In the diagnostic interpretation study, we attempted to acquire all breast imaging work-up data that had been obtained after interpretation of index screening examination findings for each of the cancer cases used in the screening study. Additional work-up data (ie, mammograms and/or ultrasonographic images) were available in 58 cases. Work-up data of six cases of breast cancer were not available at the time of random selection, and these cases were excluded from the study of diagnostic interpretation and from analysis of screening interpretation reported in this article. The comparison film images provided for diagnostic interpretation were the same as those provided for screening interpretation. Thus, the screening and diagnostic case sets included findings obtained in 58 women with biopsy-proved breast cancer (mean age, 61.6 years; age range, 40–85 years).

To provide the readers with a case set reflective of a typical diagnostic case set, we excluded patients without cancer from the screening study, since only one patient was recalled for additional imaging. We then sampled 76 biopsy-proved benign cases from the previously described screening program. The overall mix of cancerous and benign cases was selected to represent the mix of diagnostic cases from a screening program with a high yield of malignancy at biopsy (a calculation of positive predictive value known as PPV₃ in the American College of Radiology Breast Imaging and Reporting Data System [BI-RADS]). Assuming all cases that are called back are referred for biopsy at diagnostic interpretation, the case mix of 58 cancers among 134 "screening positive" cases (ie, callbacks) translates to 43% of biopsy findings being positive for malignancy. This is comparable to the 38% rate, which is based on audit data, reported by Dee and Sickles (3). Thus, diagnostic examinations of 76 women with biopsy-proved benign breast lesions (mean age, 58.2 years; age range, 40–92 years) were included in this study.

Reading Study
In both the screening interpretation study and the diagnostic interpretation study, all radiologists interpreted mammograms in a controlled reading environment that was dedicated solely to the study and permitted investigators to control ambient light. More details about the reading study can be found in the report of Beam et al (2). Both the screening reading and the diagnostic reading were performed at a time in which the image quality of the case set reflected current technology.

For the screening study, images were mounted in random sequence on dedicated mammography alternators (RADX, Houston, Tex). Only the age of the patient was provided to the reader in the screening interpretation study. Prior to reading, radiologists were instructed that the case set did not have the mix expected in a typical screening population. Reader orientation consisted of supervised hands-on experience with a set of three practice cases before commencement of the study. Readers were asked to (a) identify findings, (b) make recommendations for further work-up, and (c) report what they believed would be the result of additional work-up. Responses to the third item used in the BI-RADS (4) scale are analyzed in this article.

For the diagnostic interpretation study, each index screening case was reviewed in combination with additional diagnostic studies that were ordered by the original interpreting radiologist and the report of the radiologist who interpreted the index screening mammogram, including relevant clinical history, as recorded in the report by the screening radiologist. Radiologists were asked to identify findings and recommend a management strategy, making use of BI-RADS classification (4). The management recommendations are used in the analyses reported in this article.

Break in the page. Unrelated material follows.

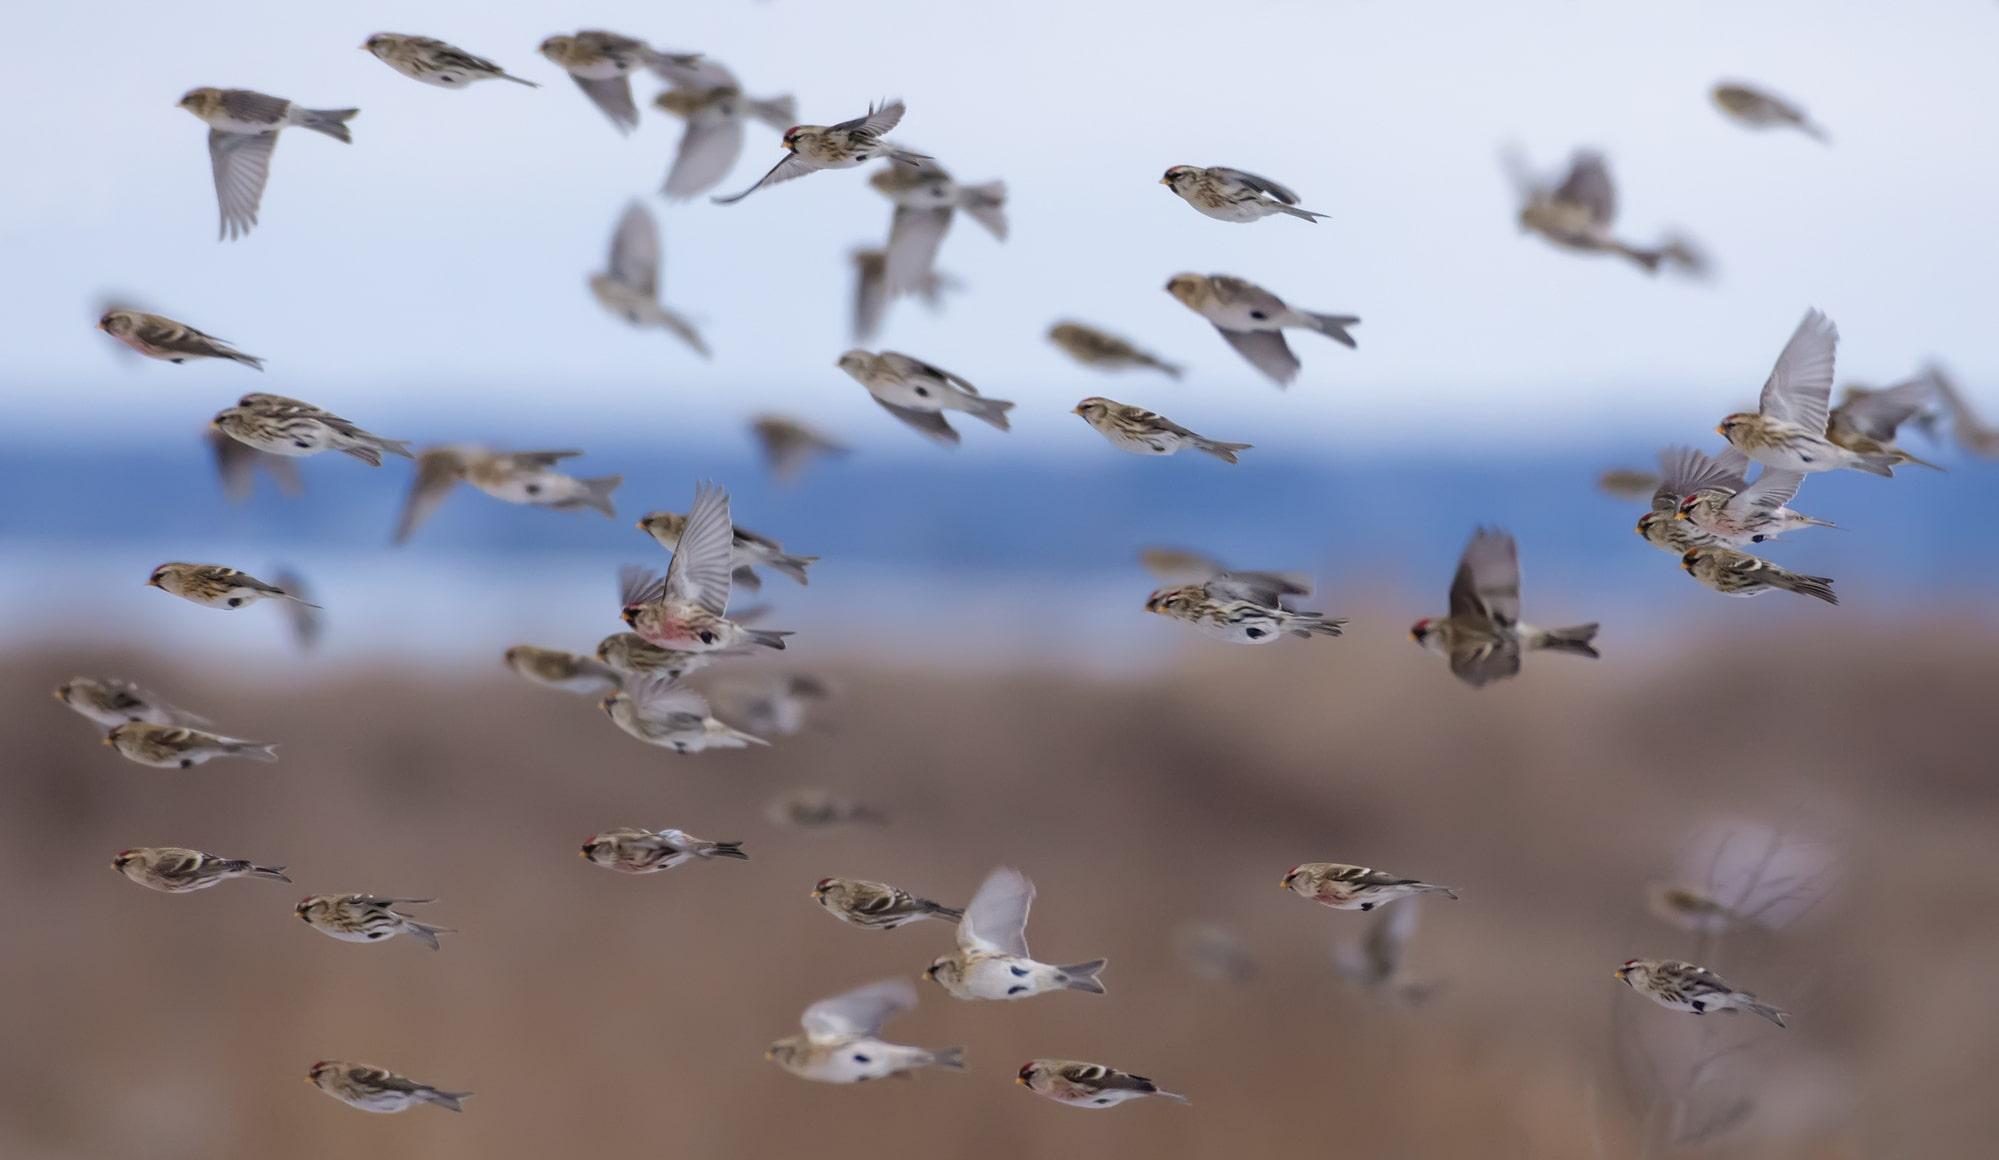 Herd of common redpolls flying fast in snowy winter over fields
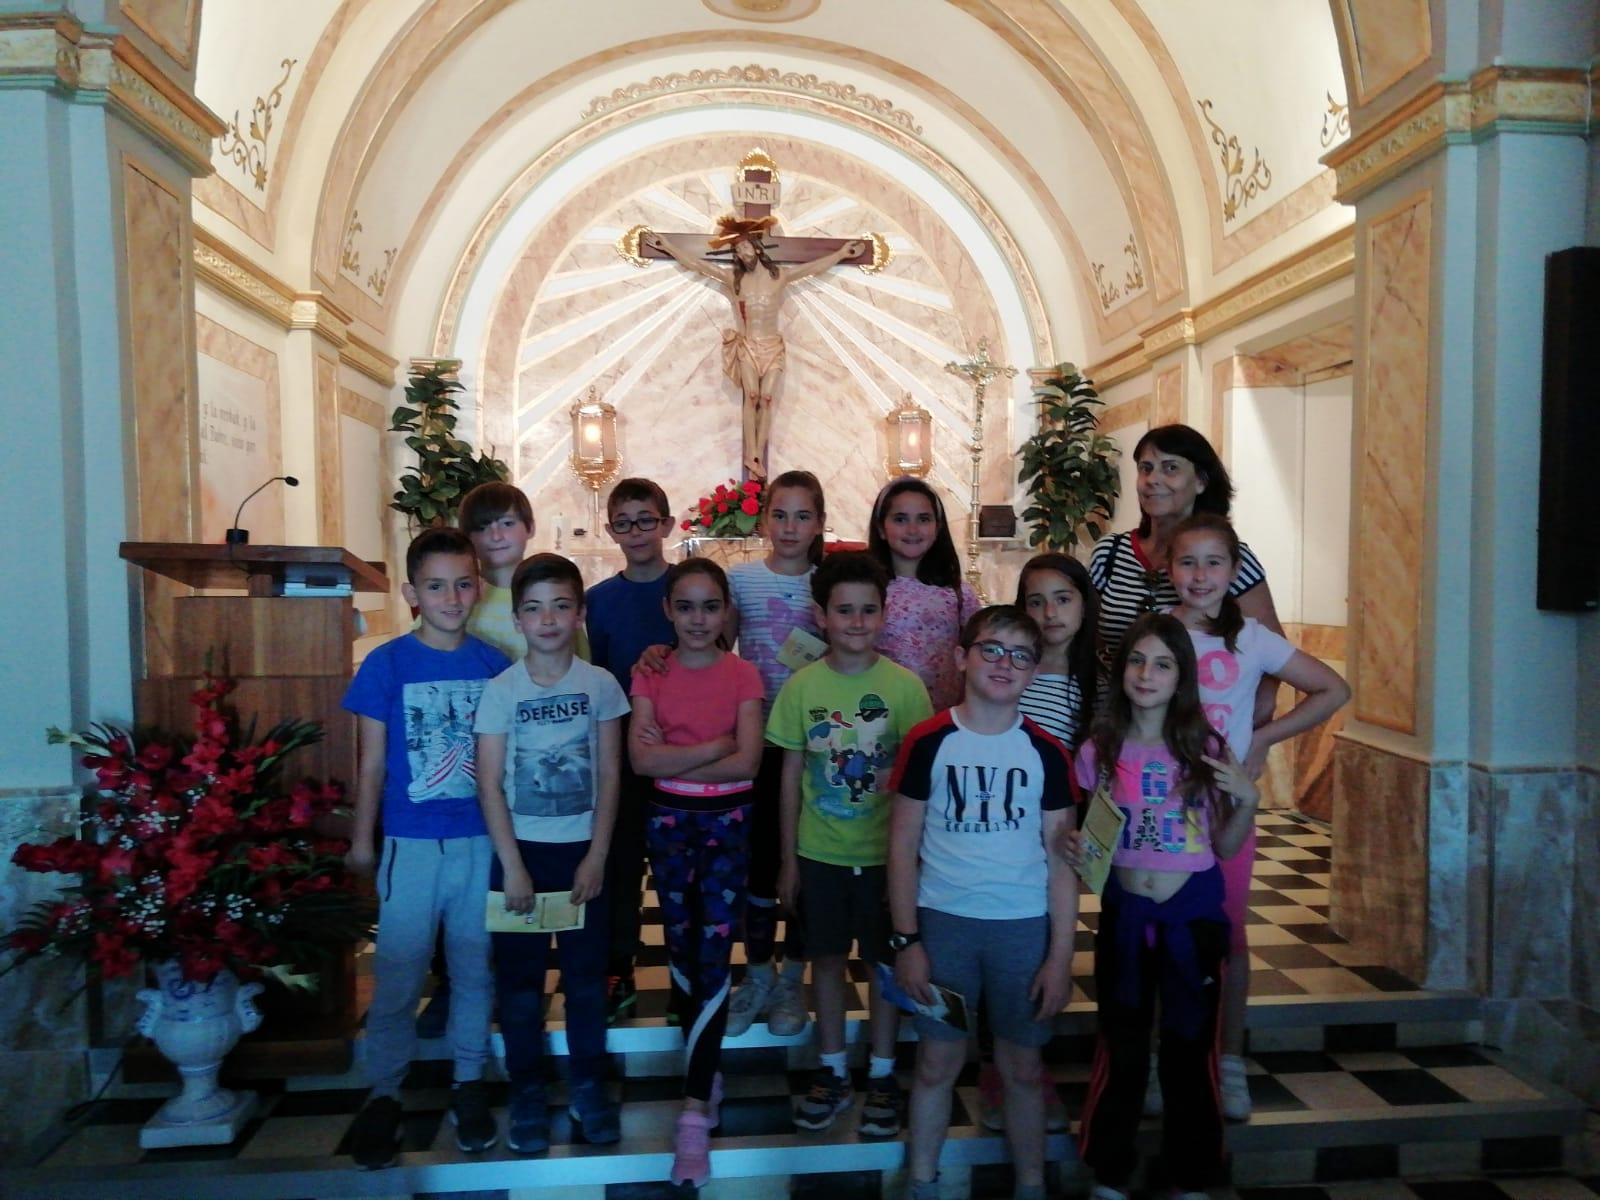 (2019-05-23) Visita ermita alumnos Laura - 3 C primaria - Reina Sofia - María Isabel Berenguer (08)

It is important to identify differences between the scales used for analysis. The scale used in the analysis of screening interpretation incorporates BI-RADS category 0 by allowing the radiologist to identify the outcome he or she expects to occur from further work-up. This scale essentially is a refinement of the standard BI-RADS categories in that the BI-RADS categories are now subdivided into two ordered subcategories. For example, classification of BI-RADS category 3 (probably benign finding) at screening interpretation is subclassified as either BI-RADS category 3 (probably benign finding, no further work-up needed) or BI-RADS category 3 (probably benign finding, further work-up needed to confirm). Similar interpretations of subcategories can be made for the other BI-RADS categories. The interpretation of the scale analyzed for diagnosis has no option for BI-RADS category 0. Thus, the diagnostic scale can be viewed as the screening scale without the subcategories to recommend further work-up for confirmation. To make the measurement of accuracy more comparable between screening and diagnosis, we collapsed the screening scale into the usual five categories used in diagnostic interpretation by combining the subcategories.

Statistical Analysis
Qualitative characteristics of the radiologists were summarized with percentages and compared between participating radiologists and nonparticipating radiologists with either the ² test (when cell sample sizes were greater than or equal to five) or the Fisher exact test (when cell sample sizes were less than five).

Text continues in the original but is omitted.